The present invention also provides a pharmaceutical composition comprising a compound of formula (I) or a hydrate thereof, or an addition product with other solvents or salts thereof, and a pharmaceutically acceptable carrier.

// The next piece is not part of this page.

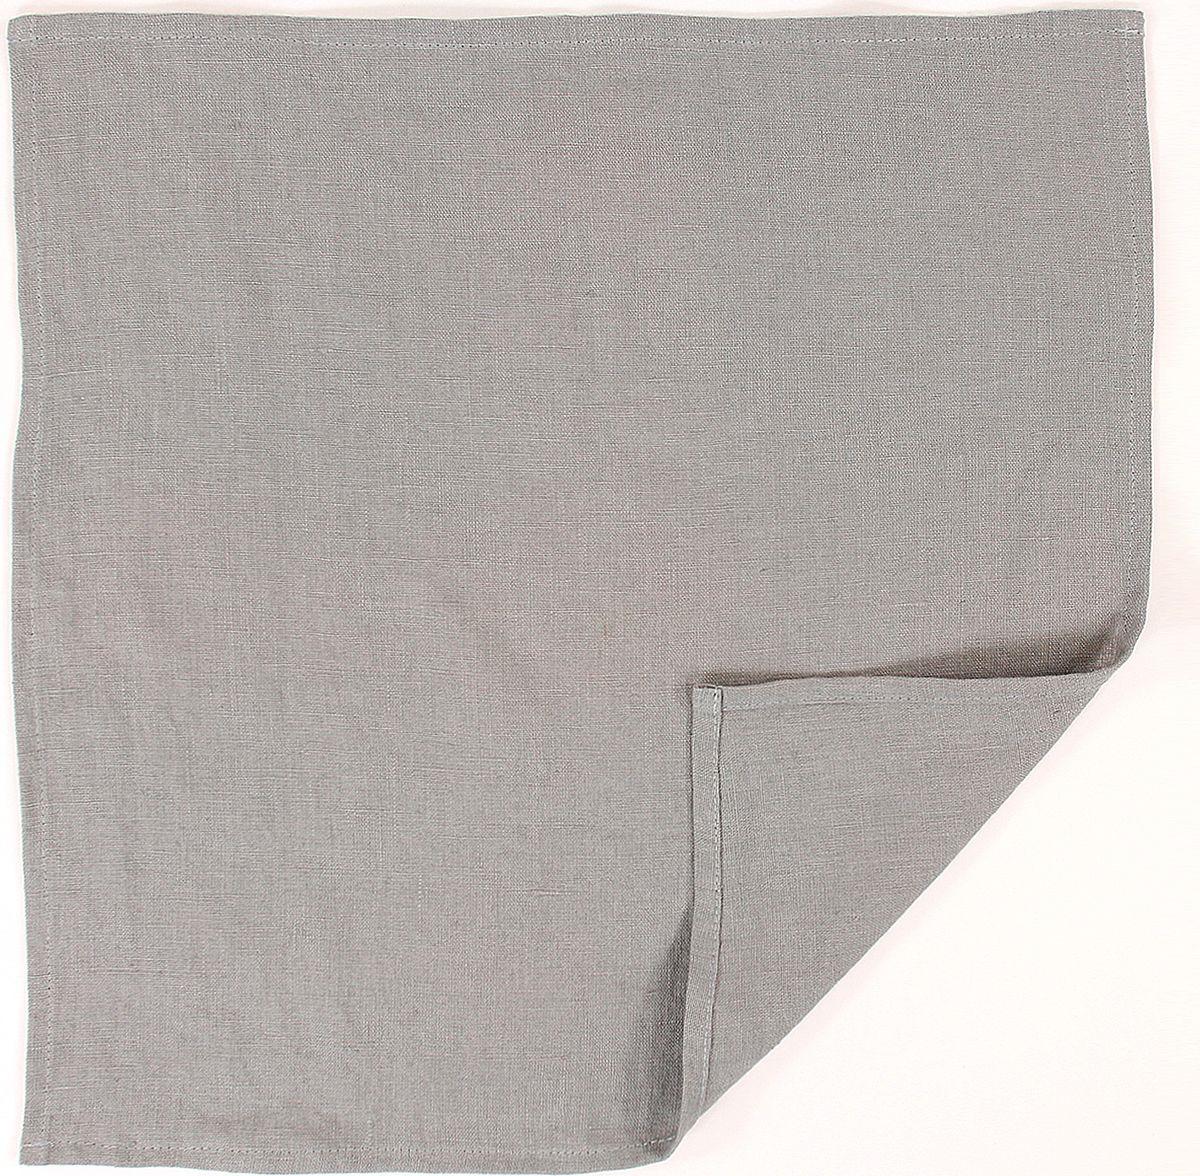 Салфетка столовая Tkano Essential, TK18-NA0009, серый, 45 x 45 см

In particular, the invention relates to the use of a compound of the formula I in which R R represents a cycloalkyl group having 3 to 8 carbon atoms, in particular a cyclohexyl group,

R2 represents a hydrogen atom and R1 represents an alkyl group having 1 to 4 carbon atoms, in particular a methyl group, or a hydrate thereof for the preparation of a medicament for the treatment of neurodegenerative disorders, certain peripheral neuropathies, e.g. diabetic neuropathy, and disorders associated with peripheral vascular disease and / disorders associated with neuronal degeneration, hypertriglyceridemia, elevated levels of fatty acids and / or diabetes of type I and type II and arrhythmias, and for protection against myocardial infarction.

Compounds of formula Ia

in which

R a represents a hydrogen atom, an alkyl group having 1 to 4 carbon atoms optionally having at least one hydroxyl group or at least two phenyl groups, a bicycloalkyl group, a naphthylalkyl group in which the alkyl moiety contains 1-4 carbon atoms, an acenaphthylenylalkyl group in which the alkyl moiety it contains 1 to 4 carbon atoms or a group of formula II

Or of formula III

in which

Z, Q, A, Y and n are as defined above,

R 6a represents a hydrogen atom, an amino group, an alkyl group having 1 to 4 carbon atoms or a halogen atom having an atomic number of 9 to 35 and

R 6a represents an alkyl group having 1 to 4 carbon atoms, being very effective in reducing the plasma level of lipids.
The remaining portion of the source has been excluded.